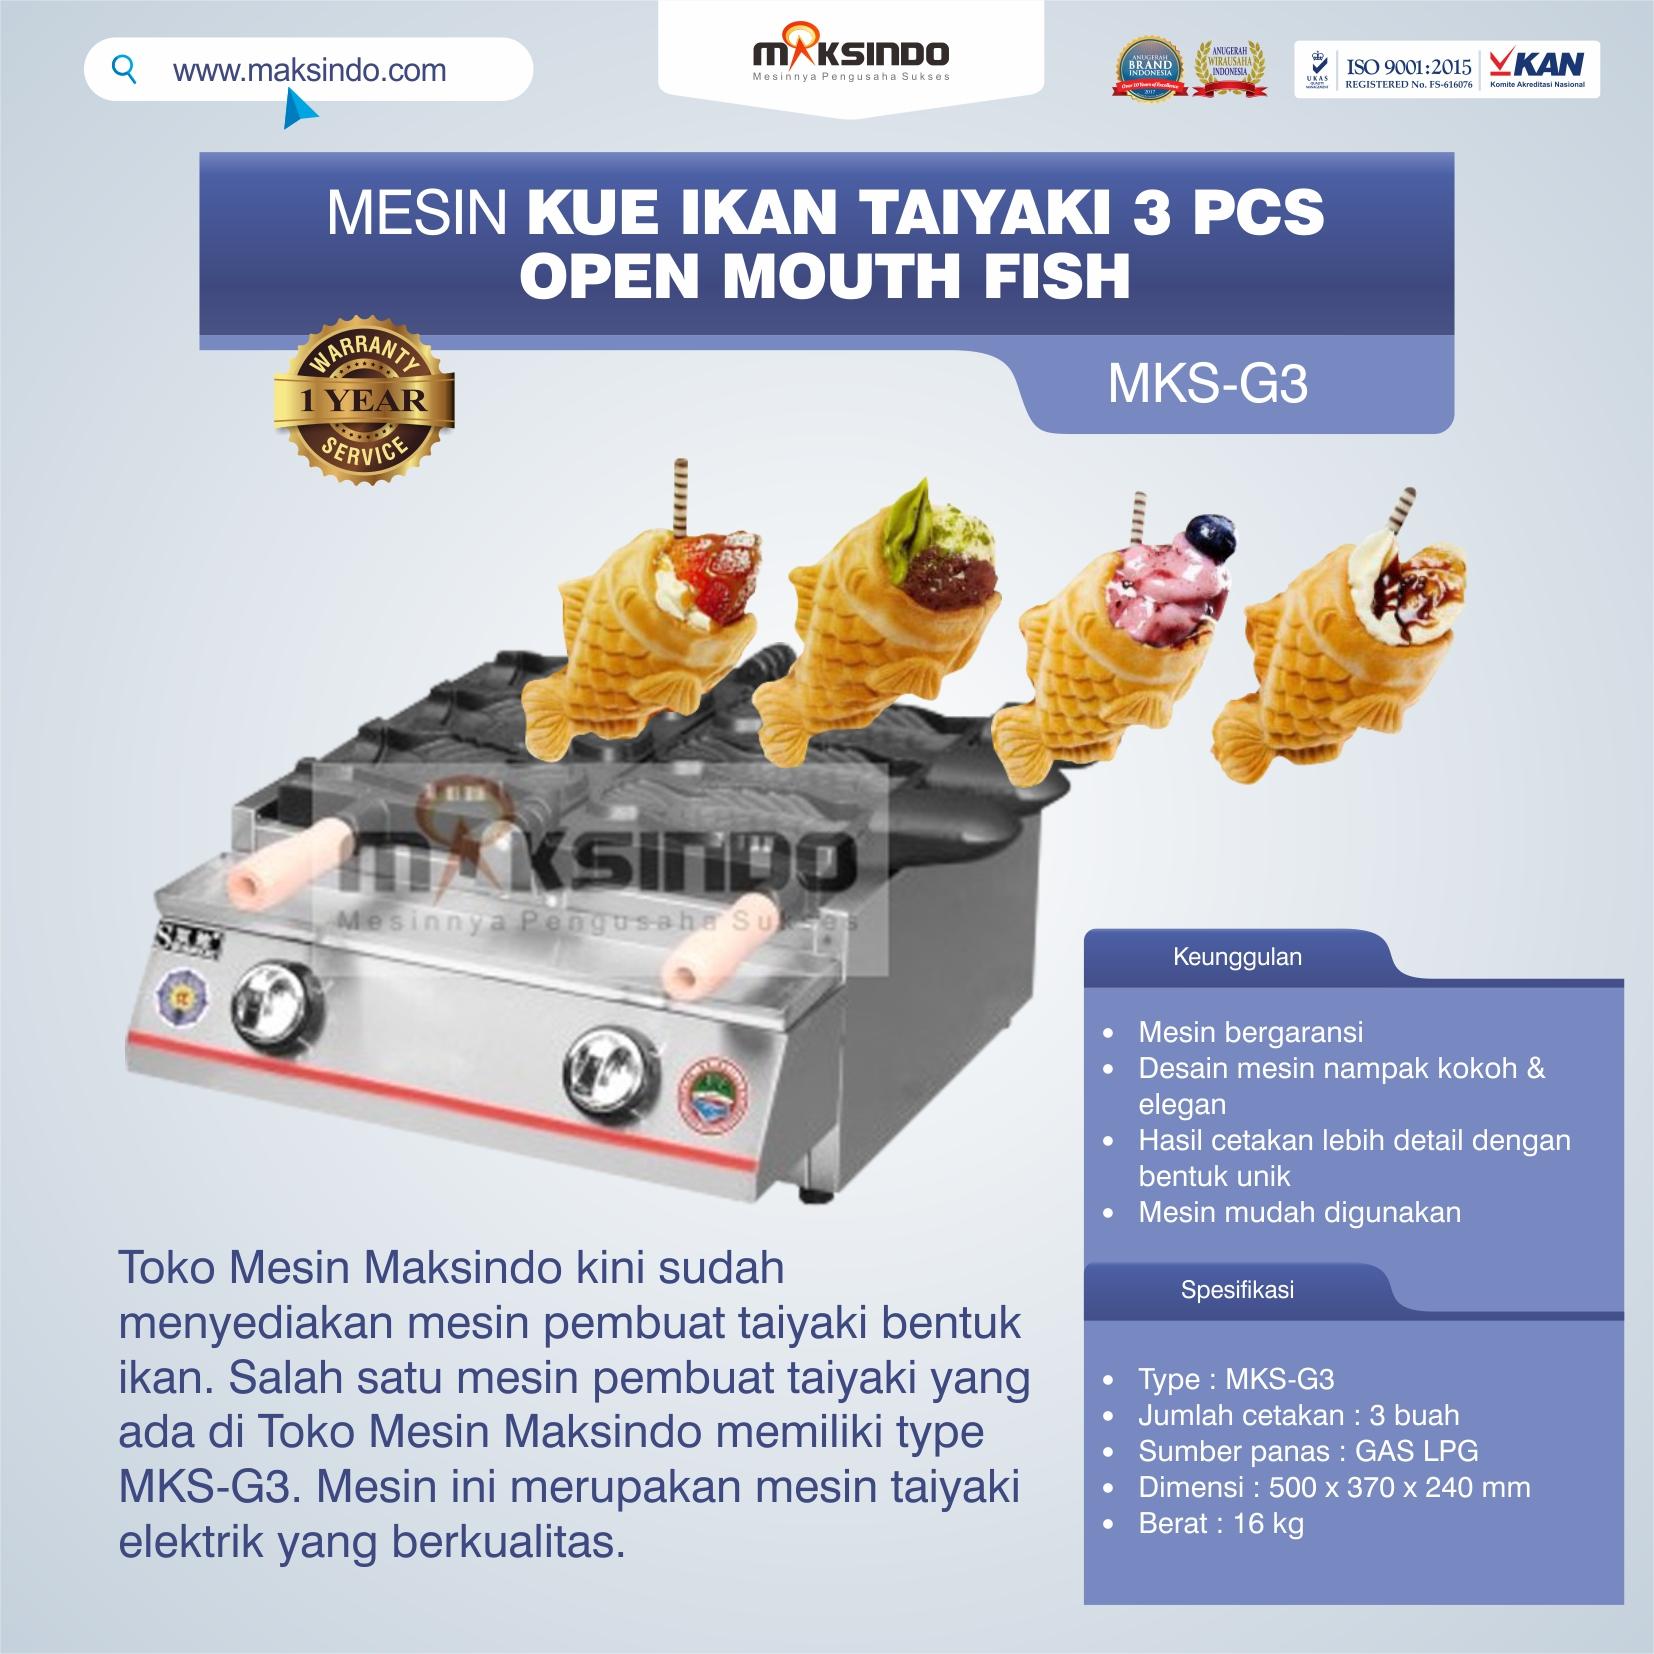 Jual Mesin Kue Ikan Taiyaki (3 pcs) – Open Mouth Fish di Medan
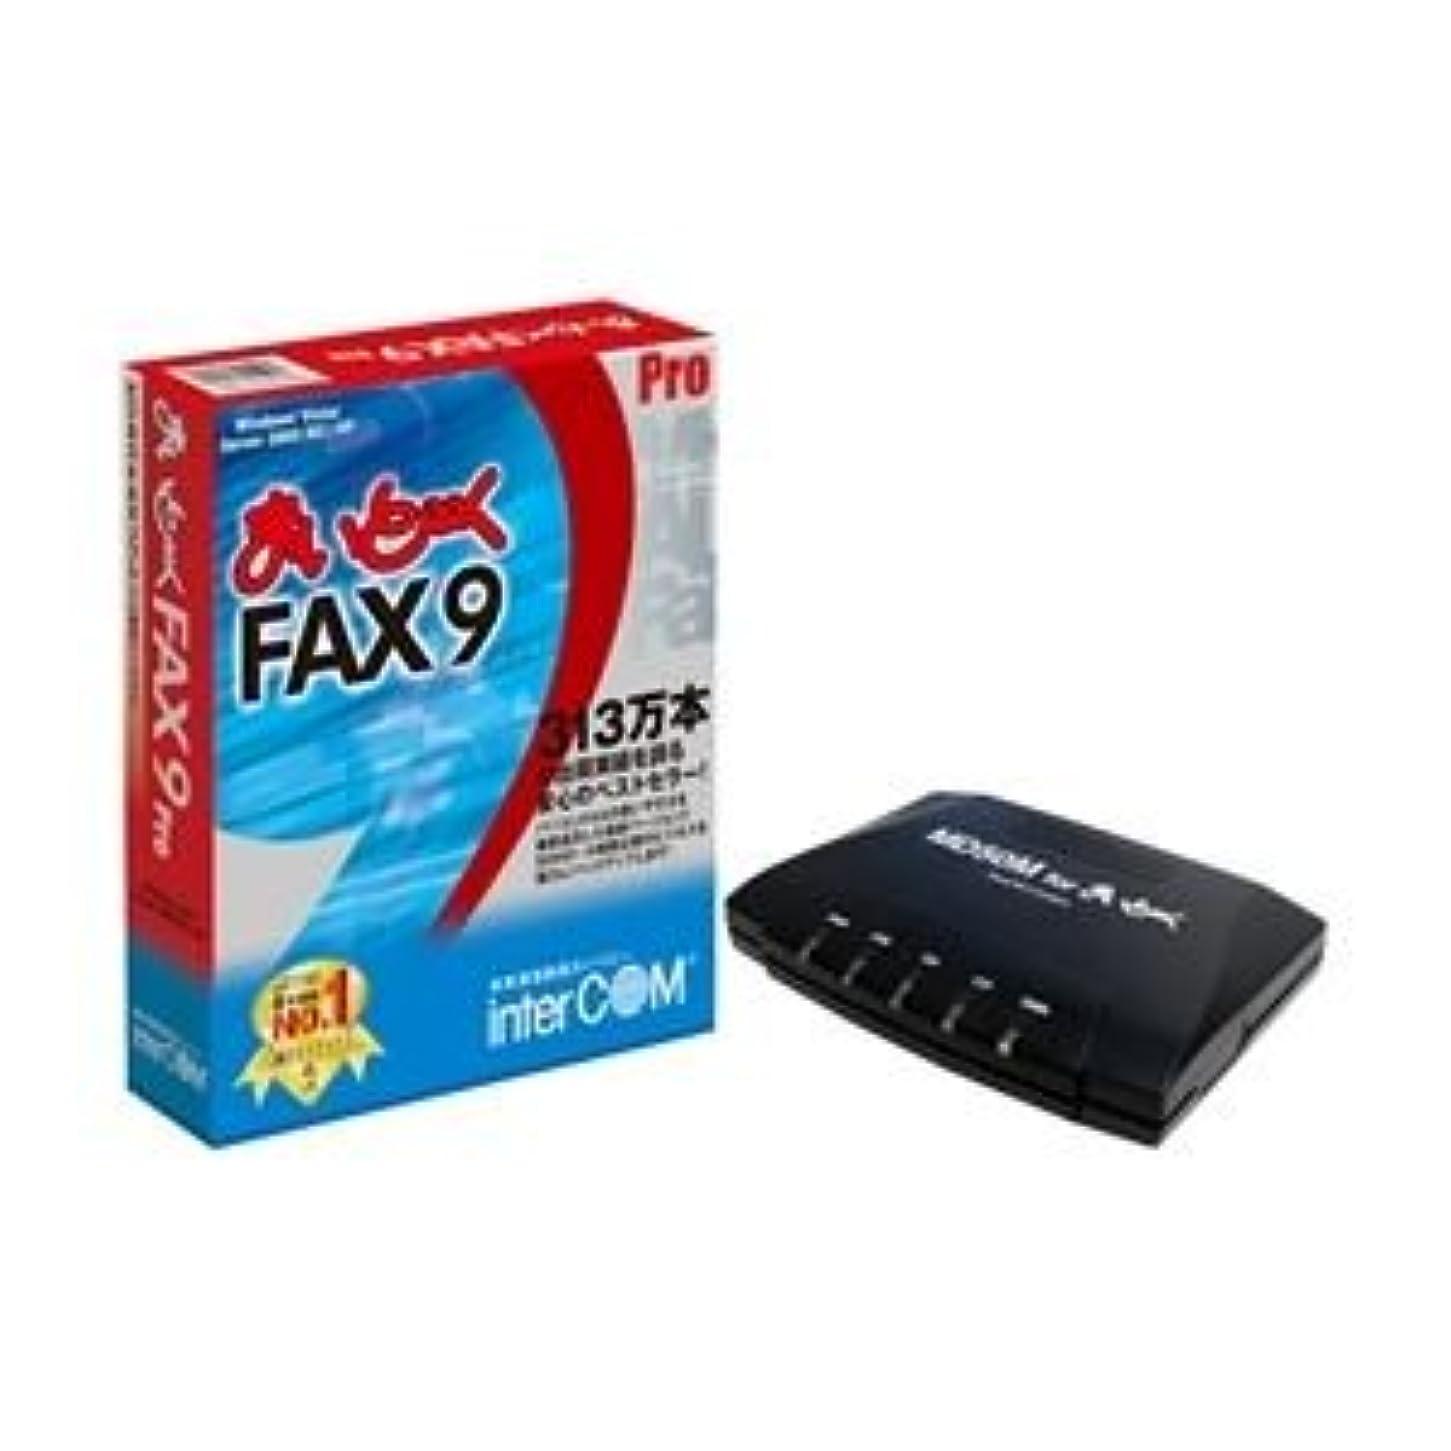 好きである医薬品残りまいと~く FAX 9 Pro モデムパック(シリアル接続)
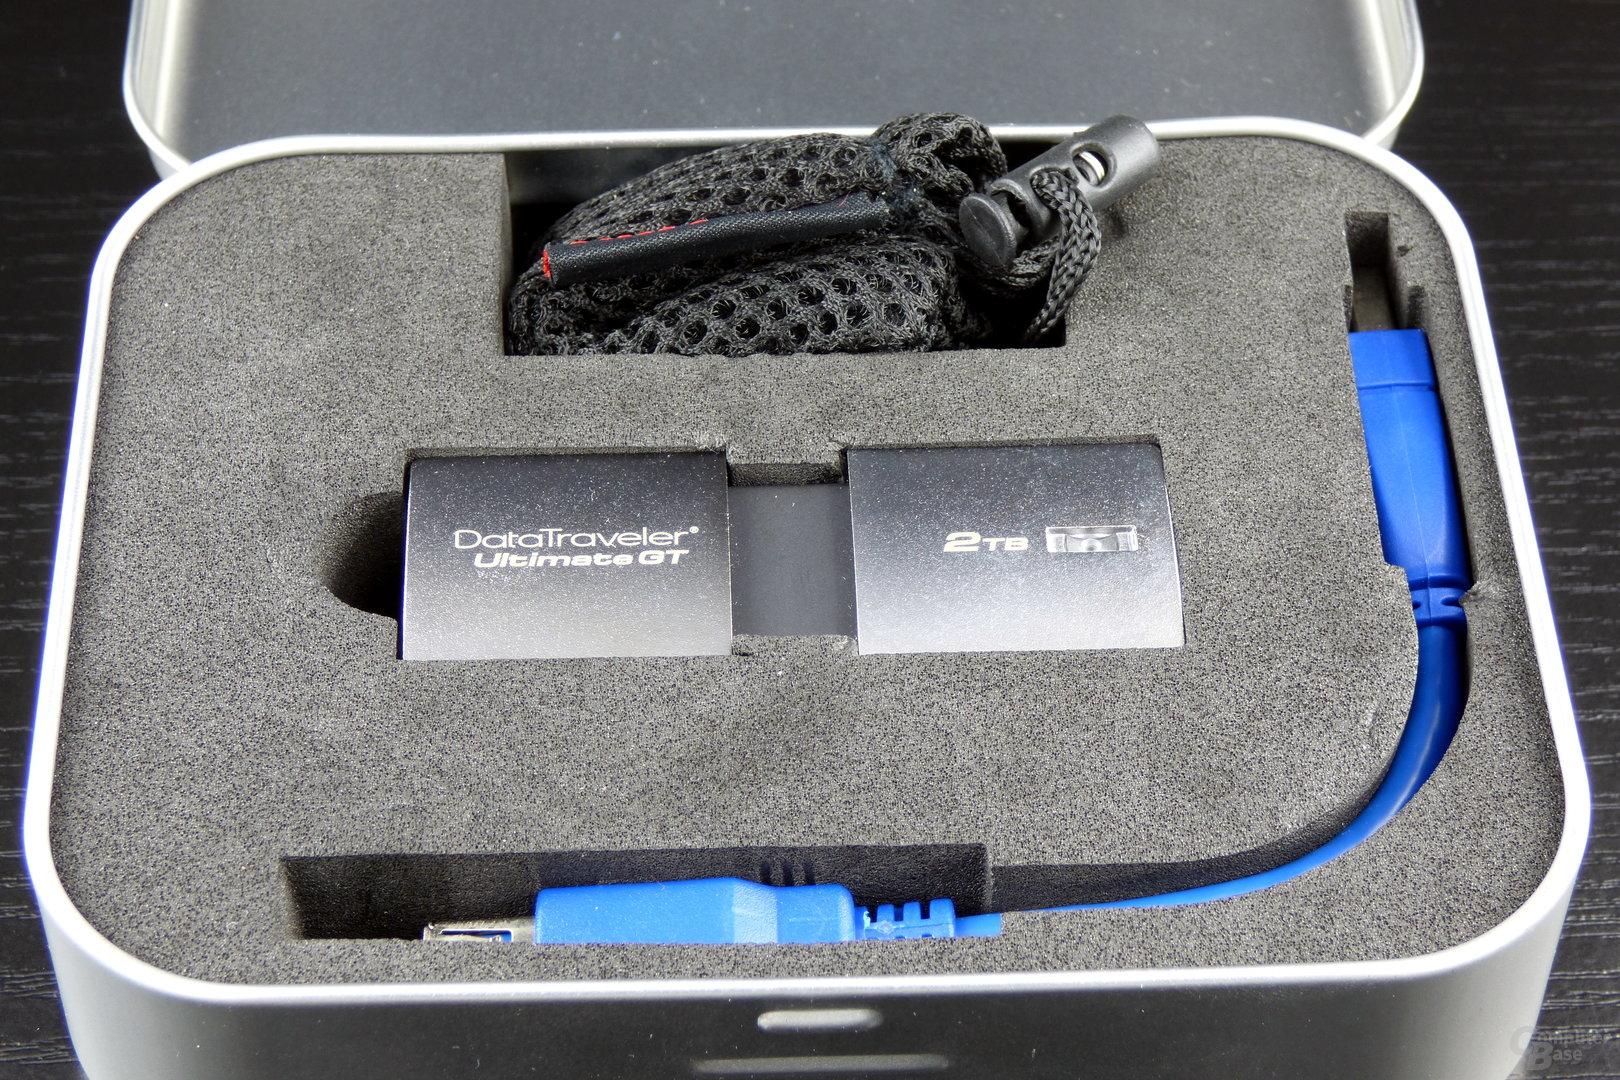 USB-Stick, Adapterkabel und Tragebeutel im Lieferumfang
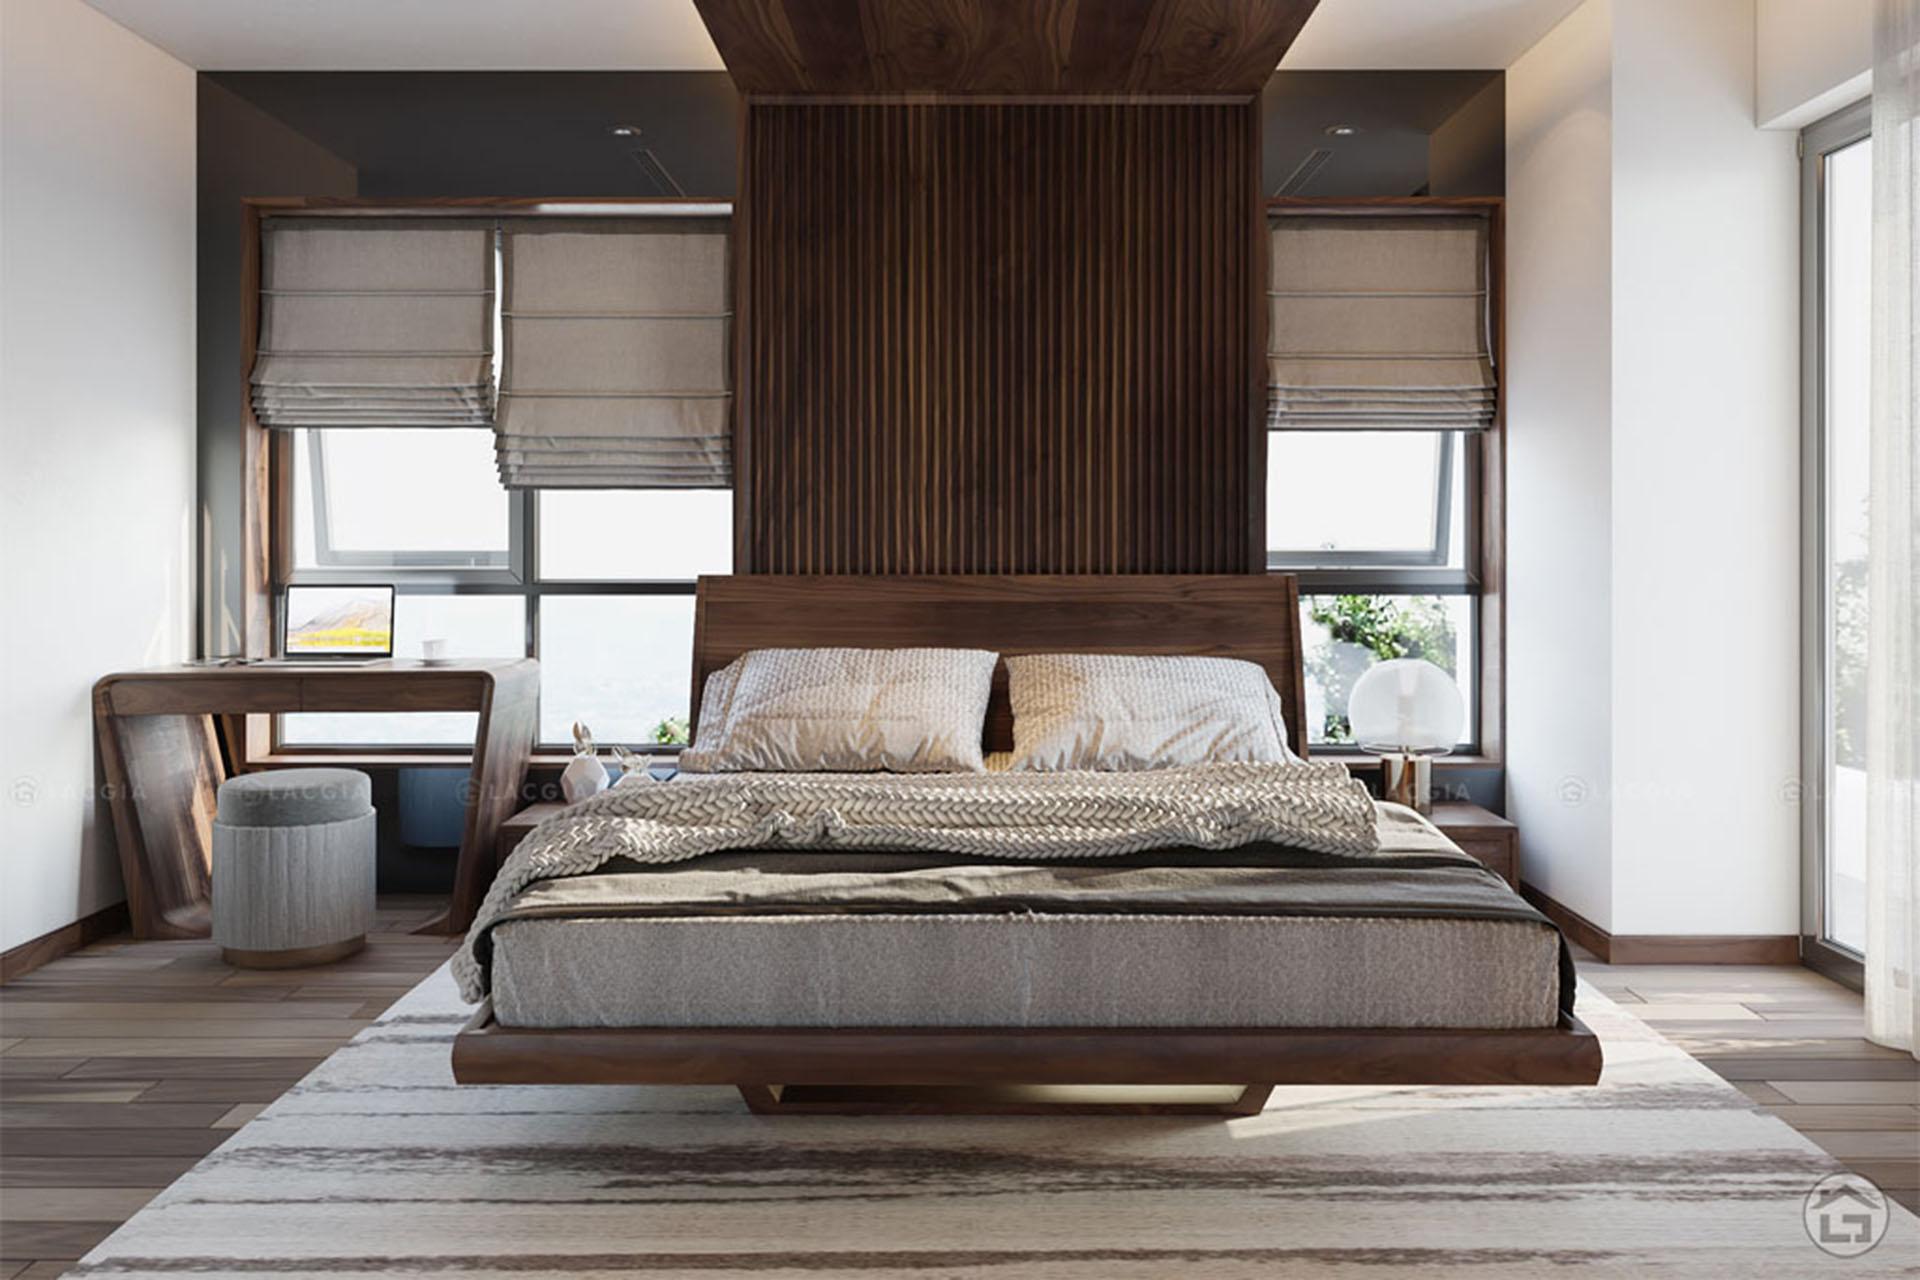 Thiết kế cân đối, màu sắc trong phòng ngủ hài hòa

######

▶ _Your task_
The answer is the whole listing retyped exactly, with pictures omitted.

▶ _Solution to the problem_
 Jual Mesin Kue Ikan Taiyaki (3 pcs) – Open Mouth Fish di Medan
 好きである医薬品残りまいと~く FAX 9 Pro モデムパック(シリアル接続)
 USB-Stick, Adapterkabel und Tragebeutel im Lieferumfang
 Thiết kế cân đối, màu sắc trong phòng ngủ hài hòa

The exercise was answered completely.